ただ、厳しい予選を勝ち抜いてきた代表メンバーから、45歳のカズ招集に対する不安、反発、軋轢はまったく聞かれない。そればかりか、一夜明けただけでキング・カズへの期待はより膨らみ、チームに活気がみなぎっているという。別のサッカー担当記者が話す。
「3回連続のW杯切符を手にした時、昨季のFリーグMVPで得点王の森岡が、『(1月にFリーグ・デビューした)カズさん(の招集)ばかりが注目されるけど、本来なら代表選手をもっとたたえるべき』と話していただけに、今回もカズについての質問に気を遣うつもりでしたが、取り越し苦労でした(笑)。メンバー側から積極的にカズさんとの触れ合いエピソードが飛び出してきました」
例えば、宿舎の食堂でカズのテーブルは満席で、カズ自身が思わず「A代表時代は1人なんてこともあったよ」と隠れエピソードを明かしたほどだ。
前出・デスクが続ける。
「(フットサル界の)不遇の時代から引っ張って来た一人の小暮賢一郎(32)は、『カズさんの経験や人間性は間違いなくプラスになる』と話してますし、守りのスペシャリストの小宮山友祐(32)も、『てっきり、“一緒にフットサル界を盛り上げよう”と言うのかと思ってたら違うんですよ。“フットサル界を変えるのはオレじゃなくてキミたちだよ。オレにできることなら何でもやるよ”と、サラッと言ってくれたんで、熱くなりました』と話していましたね」
ロドリゴ監督も、代表メンバー発表の席で、カズのリーダーシップに熱い期待を寄せていたが、同時にそのシュート能力にも高い評価を下しているという。
前出・協会関係者が明かす。
「フットサルのデビュー戦を見て、ゴールへの強い執着心に引かれてました。

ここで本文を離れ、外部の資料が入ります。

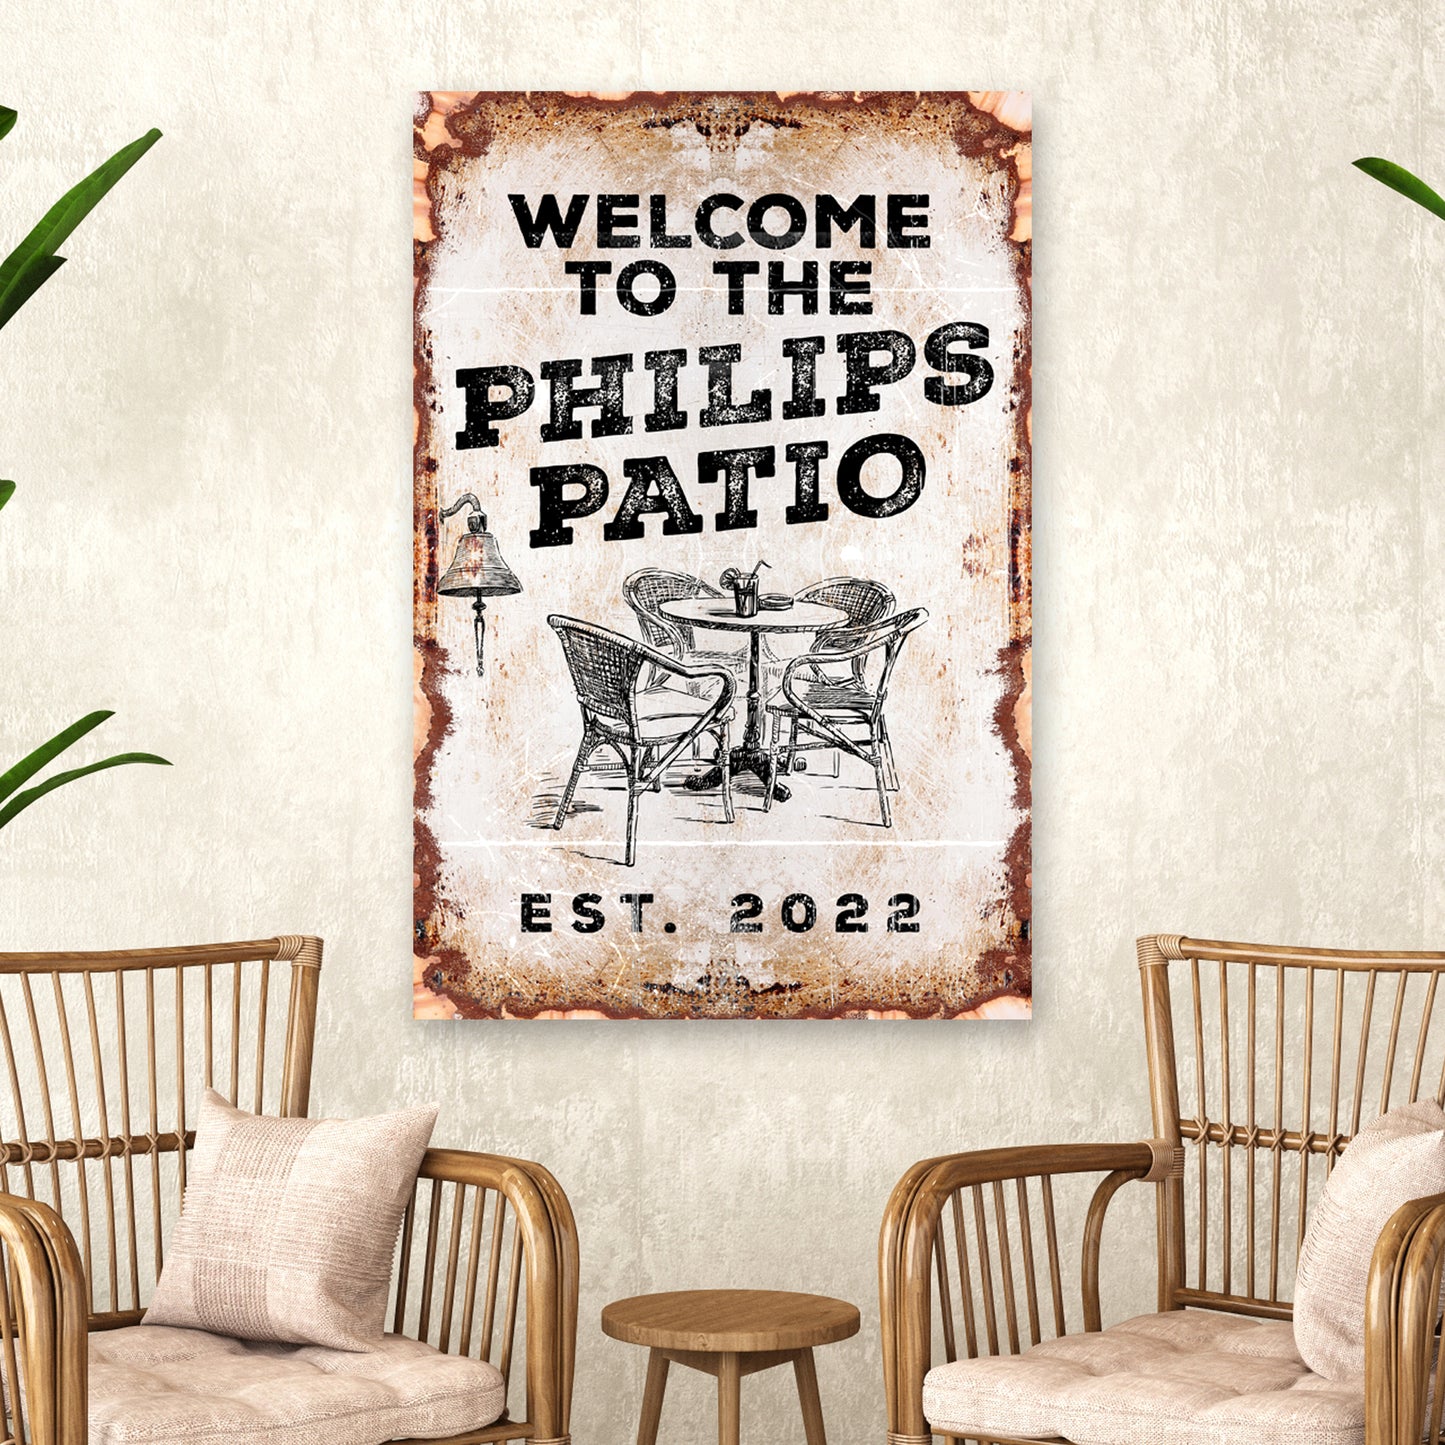 Welcome To The Patio Sign III - Image by Tailored Canvases

いちばん多くのシュートを放っていたように、どこからでも狙う姿勢は健在です」
高校を中退し、ブラジルに渡り、19歳の時に名門サントスの一員として日本デビューを飾ったキング・カズ。当時からインタビュー取材を続けるサッカーライターの渡辺達也氏も、衰えを知らないシュート力が魅力だと話す。
「Jリーグ時代もマークを外す動き、落ち着き払ったシュートは“巧み”そのもの。昨年3月の復興支援チャリティマッチで見せた鮮やかなゴールシーンは印象深い。周りは『持ってるな~』という言葉で片づけてましたが、そうじゃない。メンバーや戦術しだいでは、Fリーグの得点王だって狙えます」
そんな現役にこだわり続けるストライカーの足元を見ると、プーマ一筋のスパイクから(日本代表スポンサーの)アディダスに履き替えていた─。